I just landed back in this and wanted to point out that Charles Olson was less interested in pauses in Projective Verse than in breaths or breath units. He's also building on an essay of Williams's that leads to the idea of the variable foot--Williams uses the phrase "relative measure." Both of these alternative prosodies become nonsensical when you really look at them. They are to poetic measure what Yeats's symbols were to philsophy--they were essentially private systems, or pseudo-systems, that allowed poets to write in ways they felt were appropriate. They could not really be systematized or imitated.
To this day, no one really knows what Projective Verse actually means--it's as relative as the ways we breathe in given circumstances--and the same is true of the variable foot.
Now, as one who believes that free verse is a viable technique rarely used with urgency or skill, I would say that one part of it is the acceptance that one is going against units of measure understood in accentual, syllabic, or accentual-syllabic terms. One is feeling one's way toward the definition of the line and the line break, sorting out rhythm by other means, including rhetorical means, with rhetorical units working in or against the lines. This is far, far from prose, which simply organizes grammar and rhetoric in sentences and paragraphs and gives no heed to lines or line breaks. Therefore Len's earlier implication that Whitman was prose struck me as erroneous--at least in many cases I could point to, if not all of his poems.
To admit in free verse that one is working in lines but against measure seems to me rather important, and both Olson and Williams were unable to admit such a thing. Williams praised John Haines's free verse because it felt more intentional than the usual stuff that gets printed, and there I think he came closer to the kind of compact that differentiates verse from prose. CK Williams, for example, rarely seems intended in his lines and line breaks any more, and therefore seems to me much more like a prose writer than, say, Whitman.
I would, however, say that all of these definitions of verse are insufficient in a definition of poetry. Though few prose poems seem to me to have the poetic in them, I have certainly found the poetic in prose.
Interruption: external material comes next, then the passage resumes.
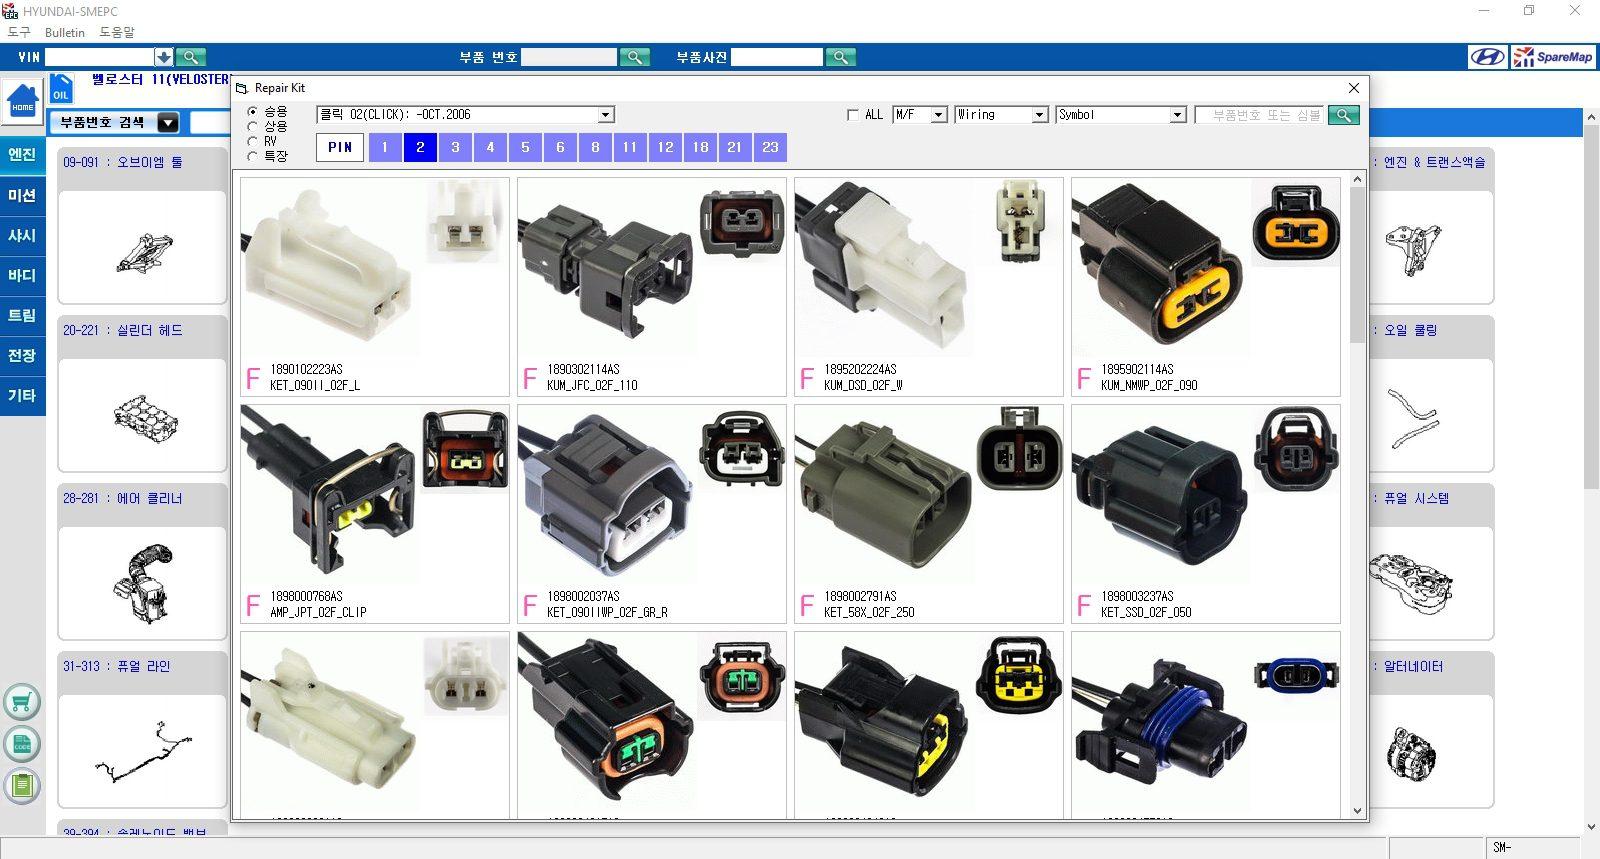 Hyundai_Kia_Korea_SM_EPC_072019_Parts_Catalog_Domestic_Market_13

In other words, formal definitions alone will always be insufficient to define the term, if indeed it ever finds a definition. By the same token, spiritual or soulful definitions will always be lacking, because poems more often than not set themselves apart from prose by being composed in lines, whether measured or unmeasured. It seems sensible to me to say that our definitions are doomed to wander between these poles, always inviting agreement and objection.
This line began with a question about WC Williams's "The Red Wheelbarrow," which is at least a controversial little piece of writing. Sometimes I think it utterly obnoxious and want to kick it across a room, but sometimes I'm glad the little bastard exists and causes people to question their assumtpions about what is possible in the art. This is useful, because otherwise we could fall into the sort of Georgian lethargy that made the free verse revoltuion seem so important and tenable in the first place. Useful, but not necessarily good poetry. I go back to my original statements about the "poem," here.
Let me end by saying simply that I am a reader who wants to be surprised and enlightened and transported, and those things have happened to me when reading many different kinds of writing. The fact that writing in meter is more memorable than writing in not-meter causes me to lean toward meter. But we're also a culture in which some reading pleasures are less memorable than others while remaining kinds of pleasure. I'm unwilling to dictate the sort of absolute laws that would narrow the scope of my pleasure, even while I must admit that most of what I read in verse of any sort bores me to tears.
[This message has been edited by David Mason (edited January 15, 2002).]